Wednesday, 16 March 2011

Hans Christian Andersen and the Pet Shop Boys: The Most Incredible Thing

Amid a slew of new ballets on London stages, The Most Incredible Thing opens at Sadler's Wells tomorrow, with a score by Pet Shop Boys and choreography by Javier De Frutos. It is based on a four-page story written by Hans Christian Andersen late in his life about a ruler's promise to give his daughter's hand and half his kingdom to 'whoever could present the most incredible thing'.

The story is emblematic of Andersen's brevity and wit; here he describes the efforts of subjects hoping to fulfil their king's challenge: 'Two of them ate themselves to death and one died of drink while trying to do the most incredible thing, each according to his inclination... Little street urchins practised spitting on their own backs; that's what they thought was the most incredible thing of all.'

A 'tenderhearted' young man creates a remarkable performing clock which the judges agree is 'the most incredible thing' until a 'tall, strong, bony fellow' comes forward and smashes it to pieces. '"Destroying a work of art like that," said the judges. "Yes, that is the most incredible thing!"'

Andersen doesn't finish there, though I will allow you to discover the end for yourself. In her introduction to the Penguin Classics edition of Andersen's Fairy Tales (2004), editor Jackie Wullschlager notes: 'In his anxiety over the future of civilised values in a changing world, Anderson is one of us. To current readers, echoes of war and the terrorist attacks across Europe, the United States, Asia and the Middle East with which the twenty-first century opened, sound throughout the tale.

'The battle between culture and aggression, though, is timeless. The story was inspired by the Franco-Prussian conflicts of the 1860s and 1870s, but between 1940 and 1945, during the Second World War, it was widely circulated, with anti-Nazi illustrations, among the Danish Resistance to German Occupation.'

No wonder the tale appealed to Pet Shop Boys. The great Dane has had his stories adapted as ballets before, notably for the eponymous production in Powell and Pressburger's The Red Shoes (1948), but this seems to have struck a chord for Neil Tennant and Chris Lowe.
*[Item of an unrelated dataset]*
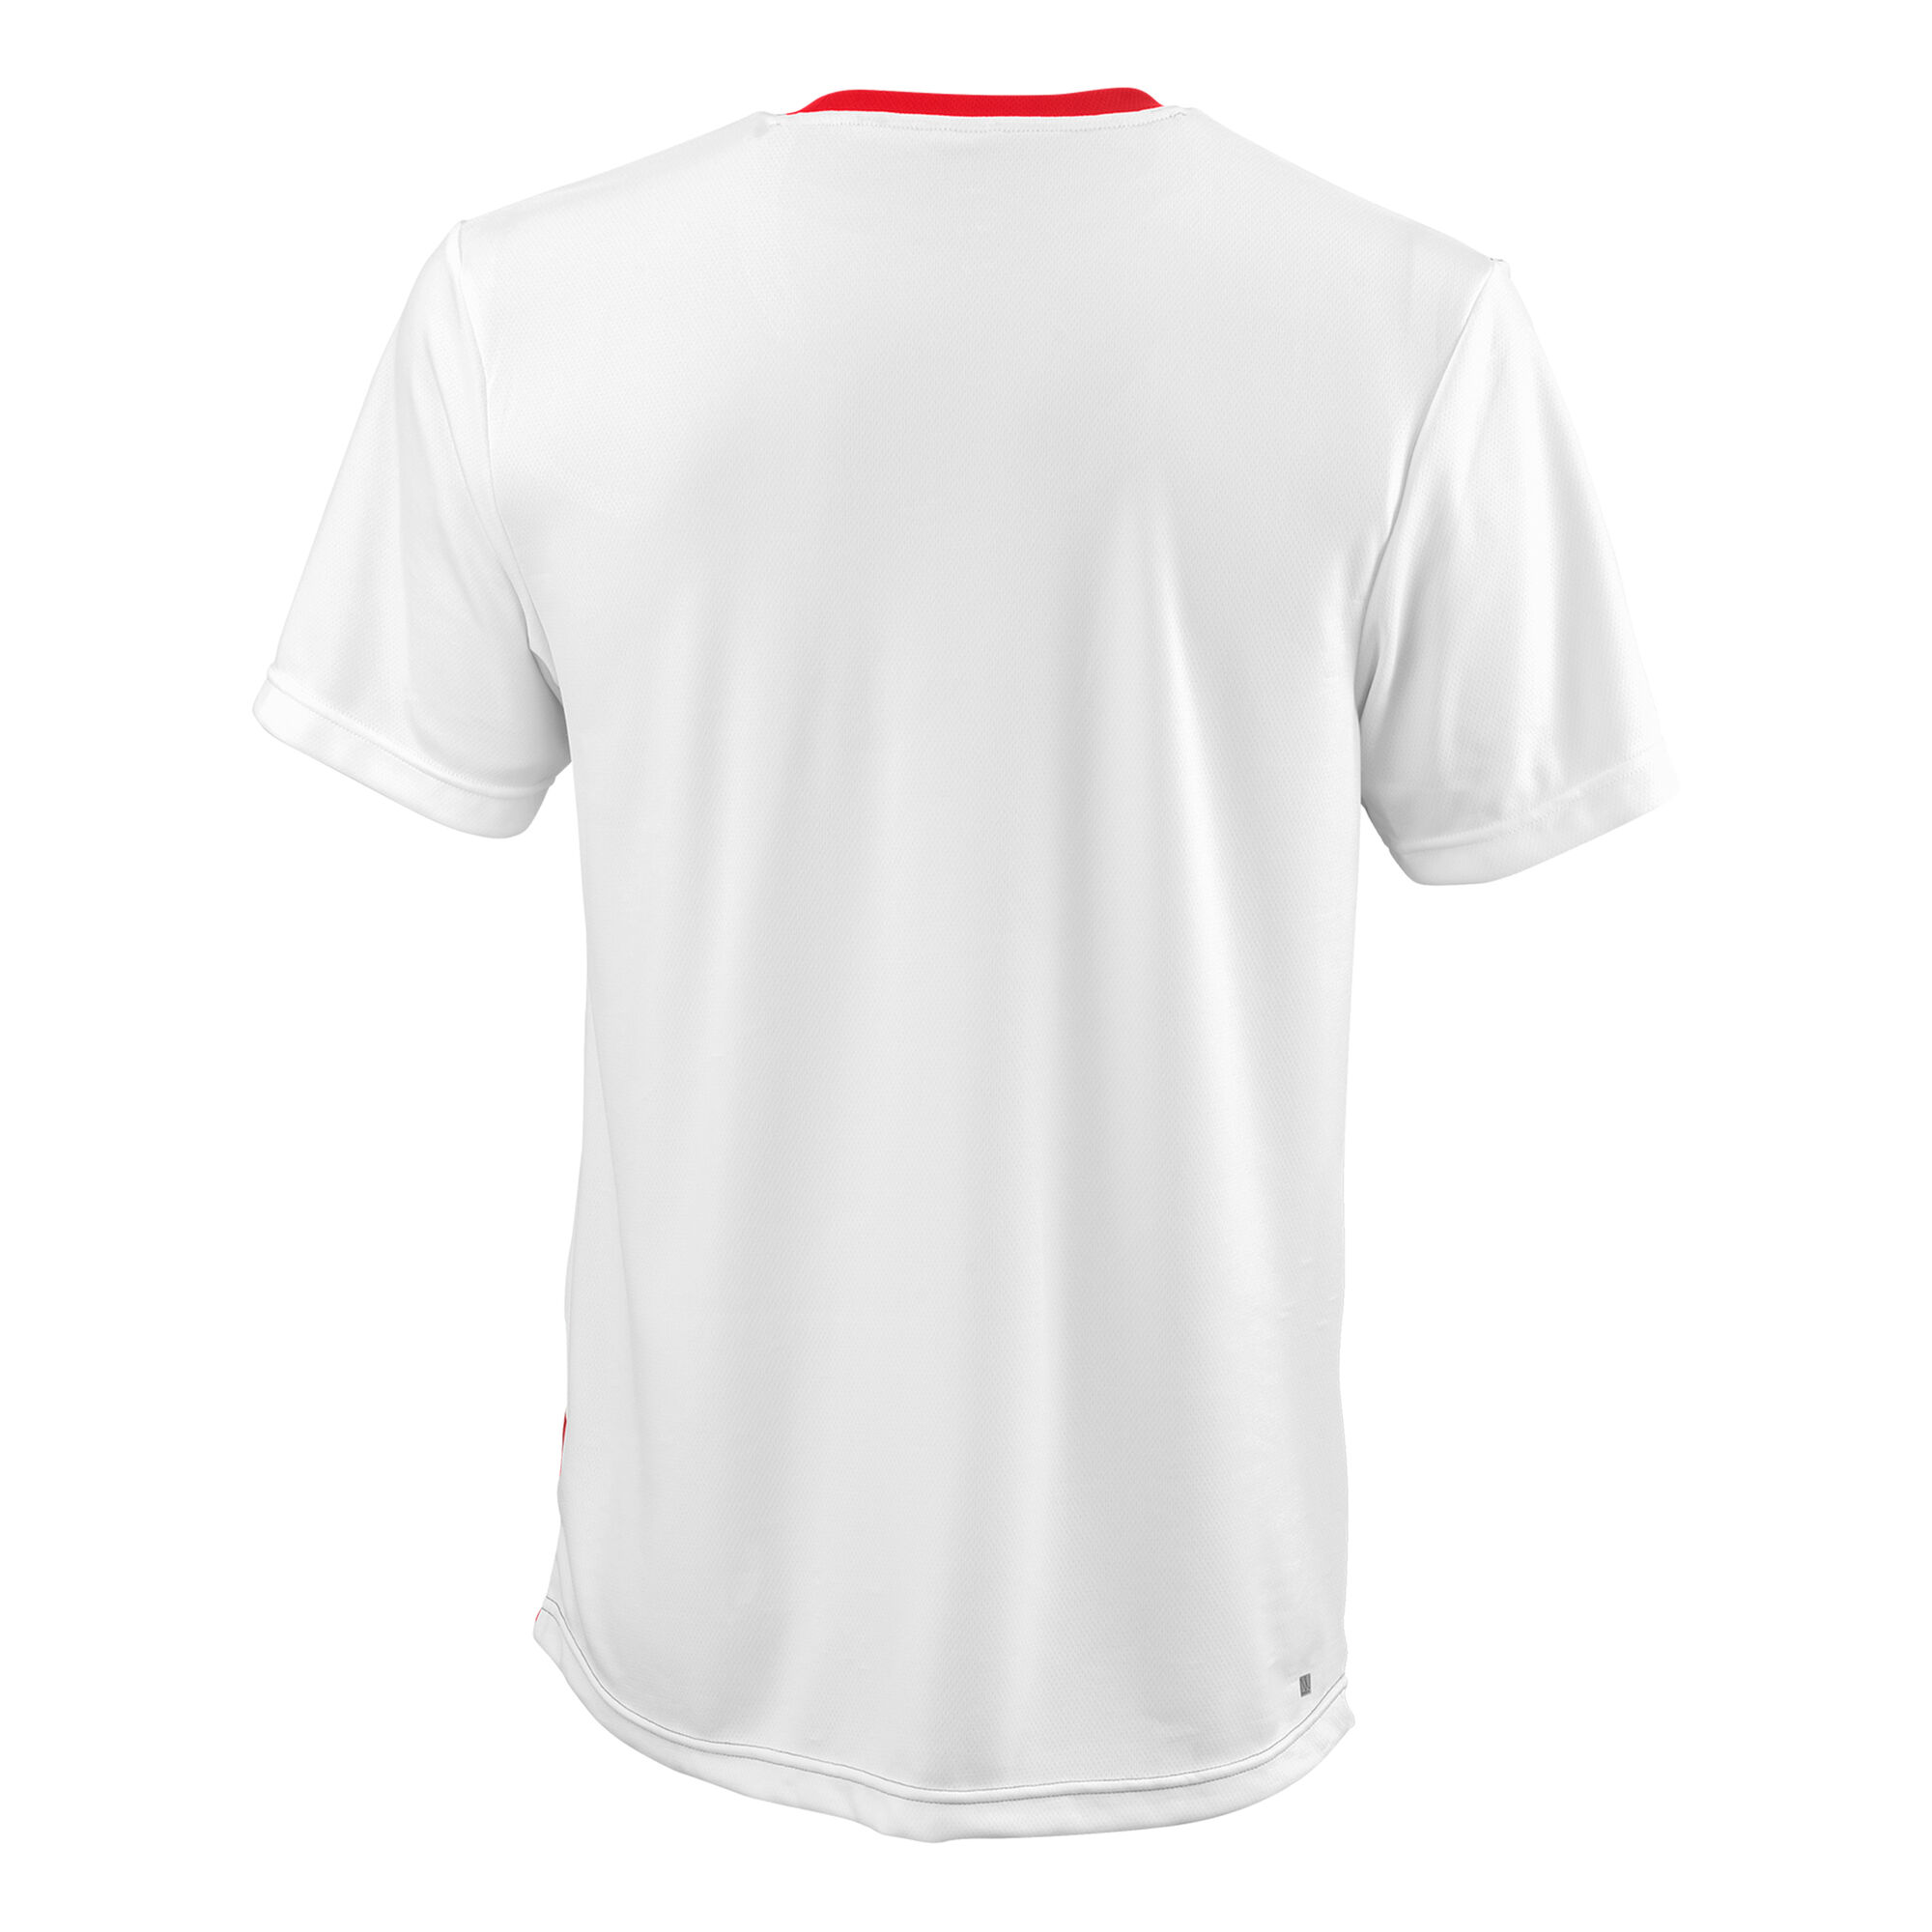 Wilson T-Shirt Herren Rot, Weiß online kaufen | Tennis Point DE

In an interview with the BBC, choreographer De Frutos says he heard 'Russian Constructivists, 1920s marches, militaristic stuff' in the score. Tennant is famously fascinated by Balkan politics and Russian history, a theme that pops up in Pet Shop Boys' first hit West End Girls (1984), with its reference to 'the Finland Station' (where Lenin arrived from Germany in 1917), through the choirs on the Bilingual album (1996) to their 2005 soundtrack for Battleship Potemkin (from 1925).
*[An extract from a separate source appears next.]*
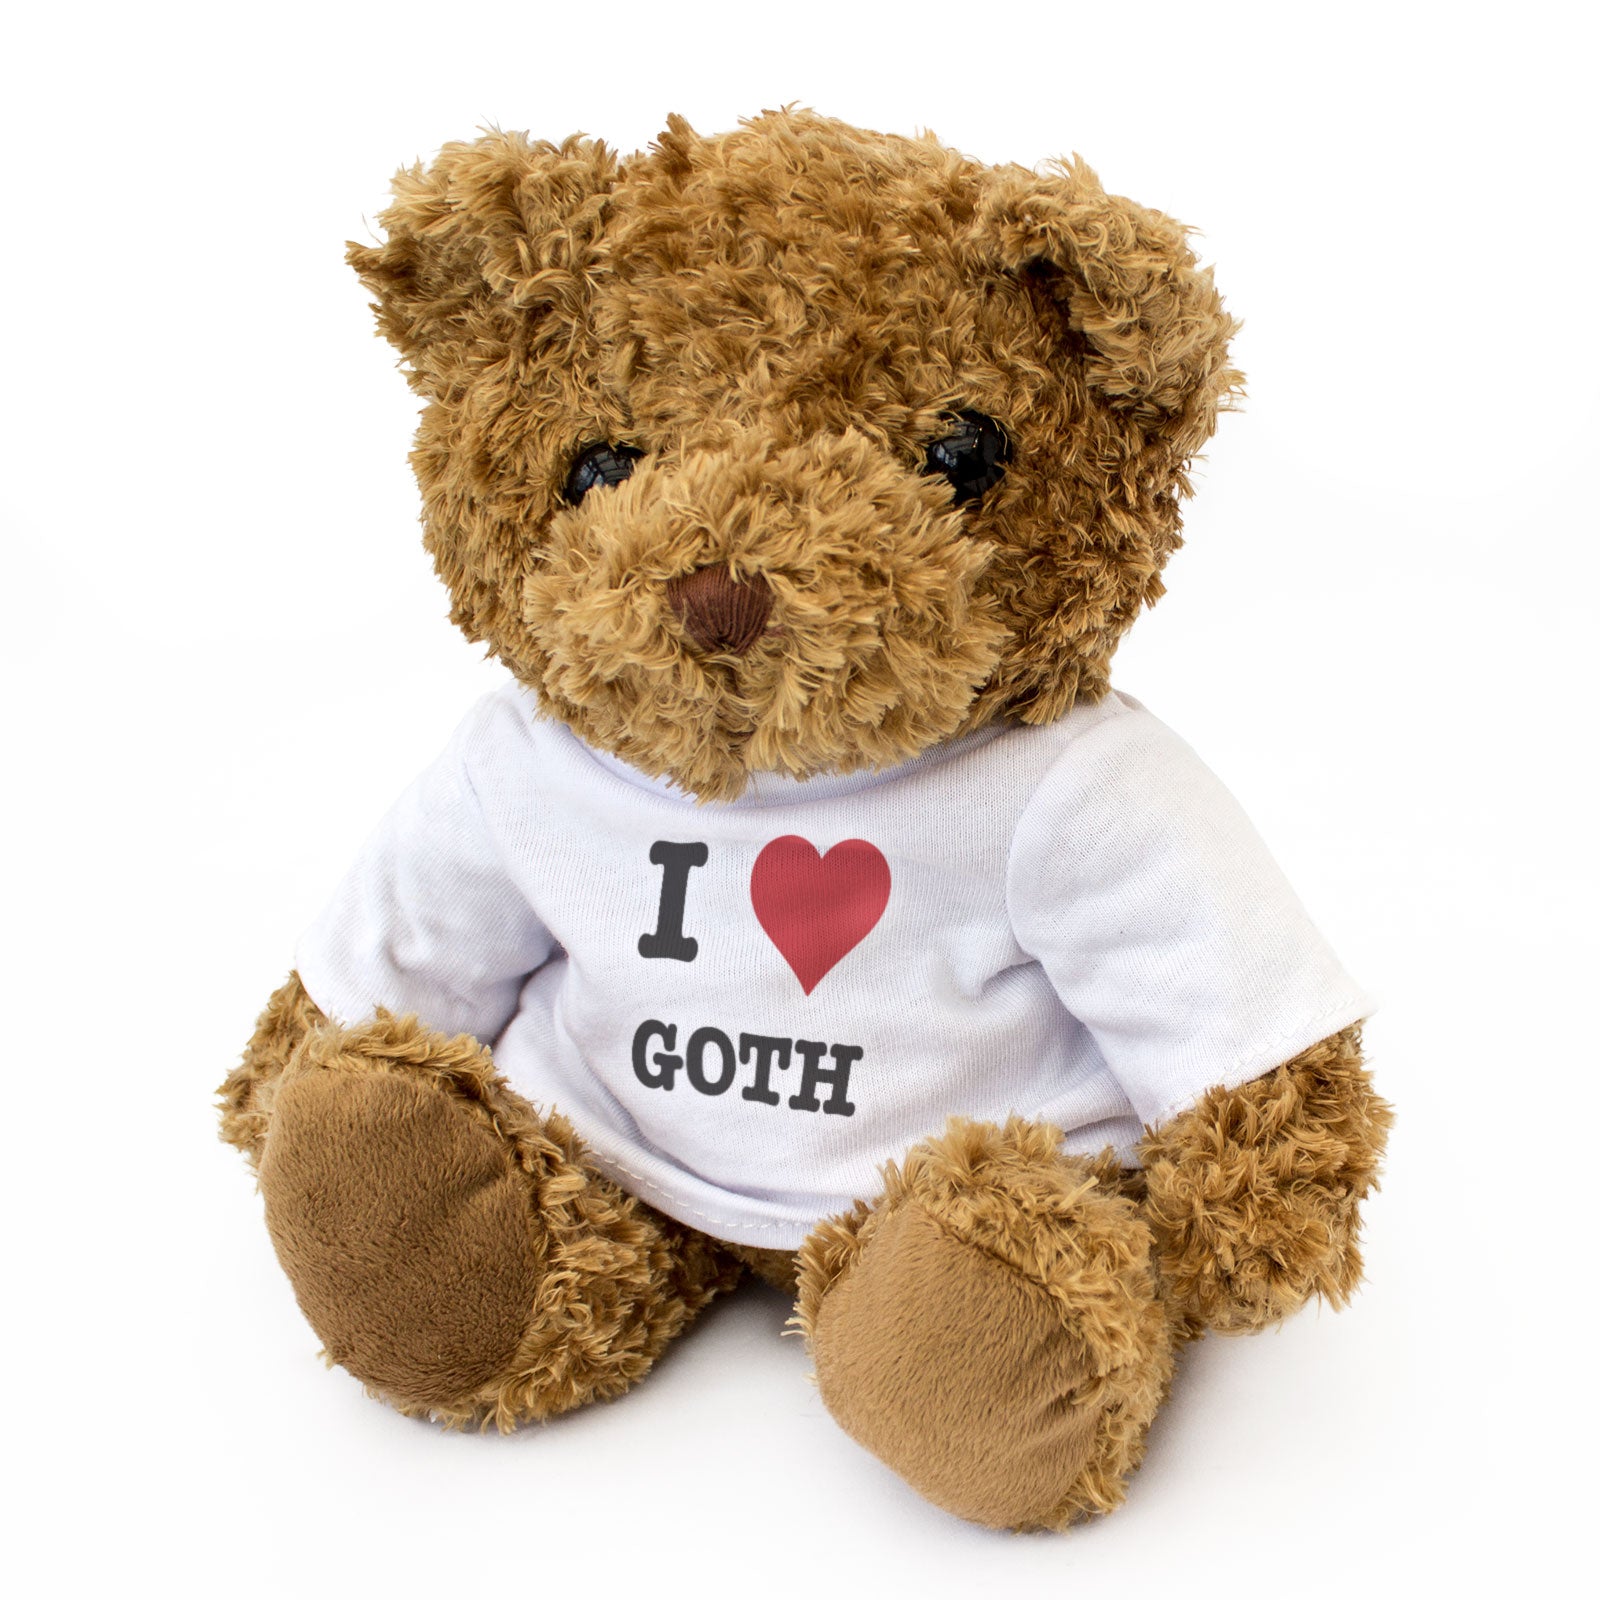 I Love Goth - Teddy Bear

Then there is Andersen as a conflicted figure, apparently bisexual though some claim he remained a virgin his entire life (despite being a regular frequenter of prostitutes, in which case - as Michael Booth wonders in his 2005 travel biography of Andersen, Just as Well I'm Leaving - what was he doing with them?).

Andersen was self-obsessed and ambitious and must have cut a striking figure: tall and gangly, with giant hands and feet, he was also cursed with a protuberant proboscis and razor-like teeth, which prompted one friend to dub him the 'crane'. Despite being a highly strung hypochondriac prone to 'passport panic', he was remarkably well travelled, though he sounds like a tiresome companion.

In 1857, he stayed with Charles Dickens at the latter's home in Gad's Hill, Kent. Following Andersen's departure, Dickens posted the following note on his bedroom door: 'Hans Andersen slept in this room for five weeks - which seemed to the family AGES.'

Andersen was also terrified he might die in a fire so carried a nine-metre rope in his trunk on his travels to escape from any building. I was in Copenhagen in 2005 (to track down the main songwriter of Danish band Gangway), the 200th anniversary of Andersen's birth, and was happy to see his travelling case displayed in the airport.